Справка. Во время первой мировой войны слушатель третьего курса Артиллерийской академии штабс-капитан А. Н. Журавченко по собственной просьбе был командирован в эскадру воздушных кораблей «Илья Муромец» на должность бортового артиллерийского офицера. Вместе с известным летчиком Глебом Алехновичем провел работы по улучшению аэронавигационных возможностей «Муромцев» и обеспечению прицельного бомбометания. Разработал известный «Ветрочет Журавченко» — треугольник учета бокового ветра, позволивший выходить на цель для бомбардировок с любого направления. Обучился пилотированию «Муромца», успешно окончил летный учебный класс эскадры, освоил высший пилотаж на маневренном самолете «Моран», стал командиром корабля. За время войны получил четыре ордена, в том числе орден Святого Георгия. С отличием окончил Артиллерийскую академию и был оставлен при ней адъюнктом. В 1923 году защитил диссертацию на тему «Исследования динамической устойчивости самолета». С этого времени он преподаватель Военно-инженерной академии, а с 1925 года — профессор. С конца 1919 года по приглашению Н. Е. Жуковского работал в ЦАГИ, занимаясь изучением динамической устойчивости самолета. В МАИ работал со дня основания, с мая 1930 года  - руководитель кафедры аэродинамического расчета аэроплана.

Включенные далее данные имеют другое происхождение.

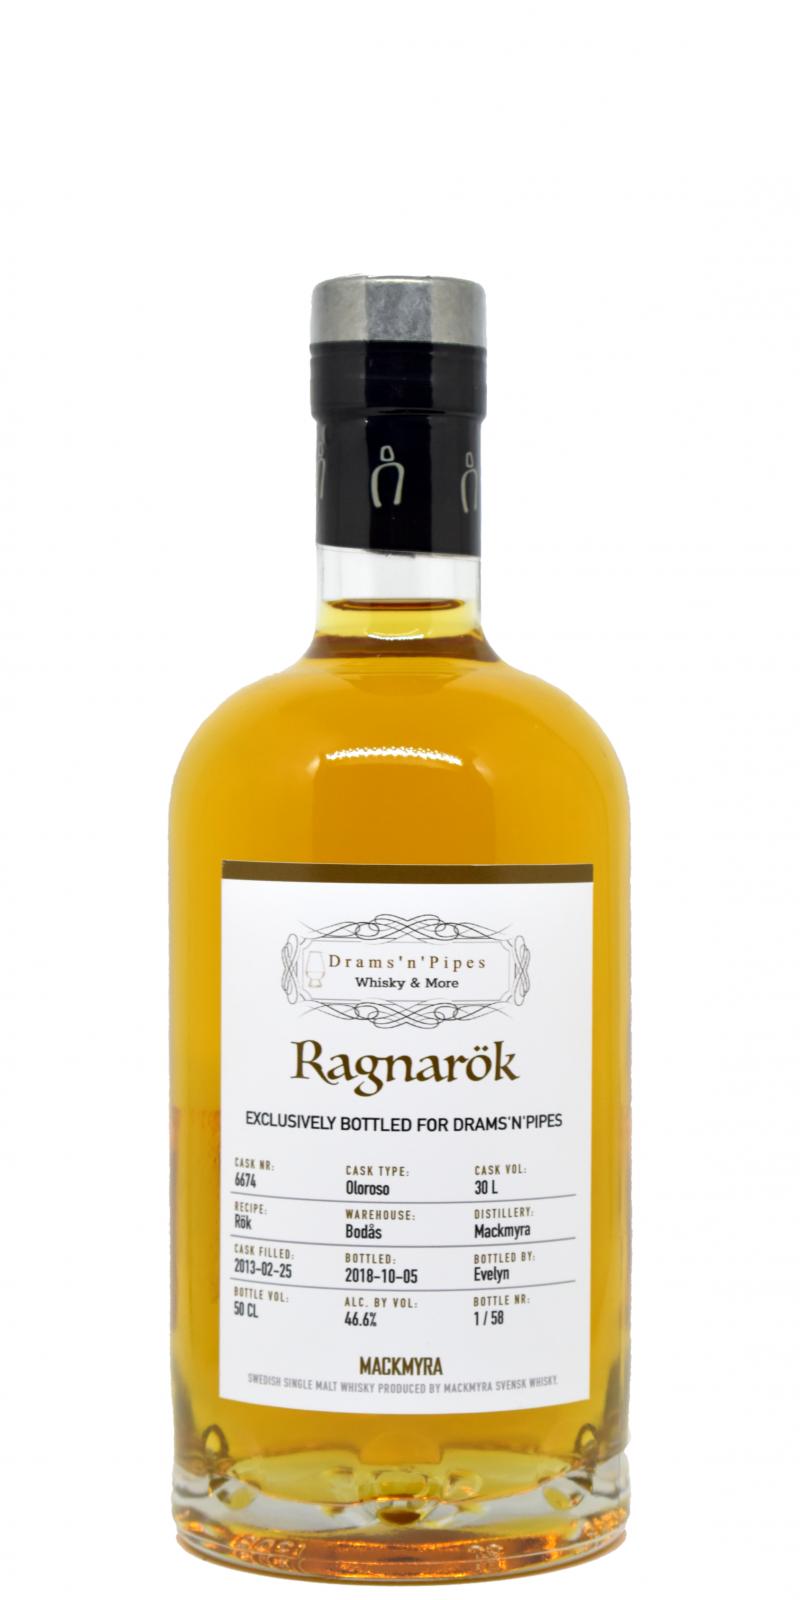 Mackmyra 2013 Ragnarok Oloroso #6674 Drams'n'Pipes Whisky & More 46.6% 500ml

Итак, аэромеханику нам читал профессор Журавченко. О нем в институте ходили легенды. Поговаривали, что в молодости Журавченко был близорук и, чтобы стать пилотом «Ильи Муромца», ему пришлось обмануть медицинскую комиссию. Что Александр Николаевич исследовал в ЦАГИ опаснейший режим самолета – штопор. Что наш курс – последний, кому Александр Николаевич читает лекции:  прочтет – и выйдет на пенсию.

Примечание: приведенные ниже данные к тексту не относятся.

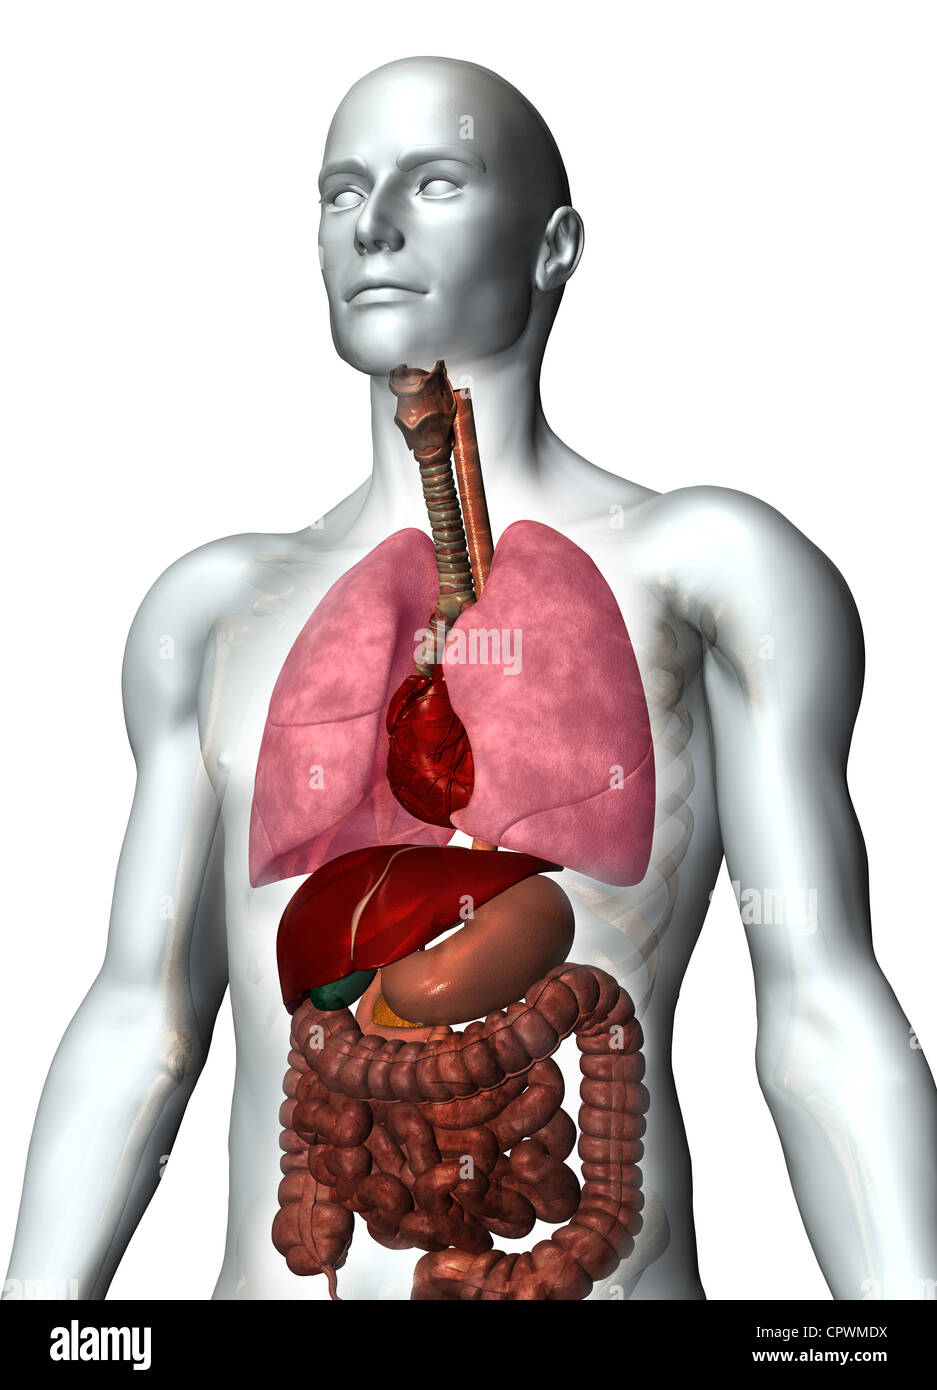 Anatomical illustration of the human body Stock Photo

Действительно, ему уже исполнилось 70 лет. Лекции он читал, сидя на стуле. Держать в руках мел, чтобы рисовать эскизы и писать формулы на доске, ему было трудно. Поэтому он поступал так: приходил к нам в аудиторию задолго до начала лекции, давал кому-нибудь листок, на котором были заранее написаны формулы и сделаны рисунки, которые должны были понадобиться Журавченко во время лекции. Читая лекцию, Журавченко, не вставая со стула, показывал указкой на нужное место на доске, а мы срисовывали в свои конспекты соответствующие формулу или рисунок. С течением времени он выбрал среди нас несколько студентов, которым предпочитал вручать свой листок для подготовки доски к лекции. И тут мне придется похвастаться, что я был одним из них.
Однажды после лекции Журавченко подошел ко мне и спросил, нет ли у меня родственников в ЦАГИ. Я ответил:
- Нет.
- Жаль, а то вы очень напоминаете мне одного работника ЦАГИ, - сказал Александр Николаевич и направился к выходу.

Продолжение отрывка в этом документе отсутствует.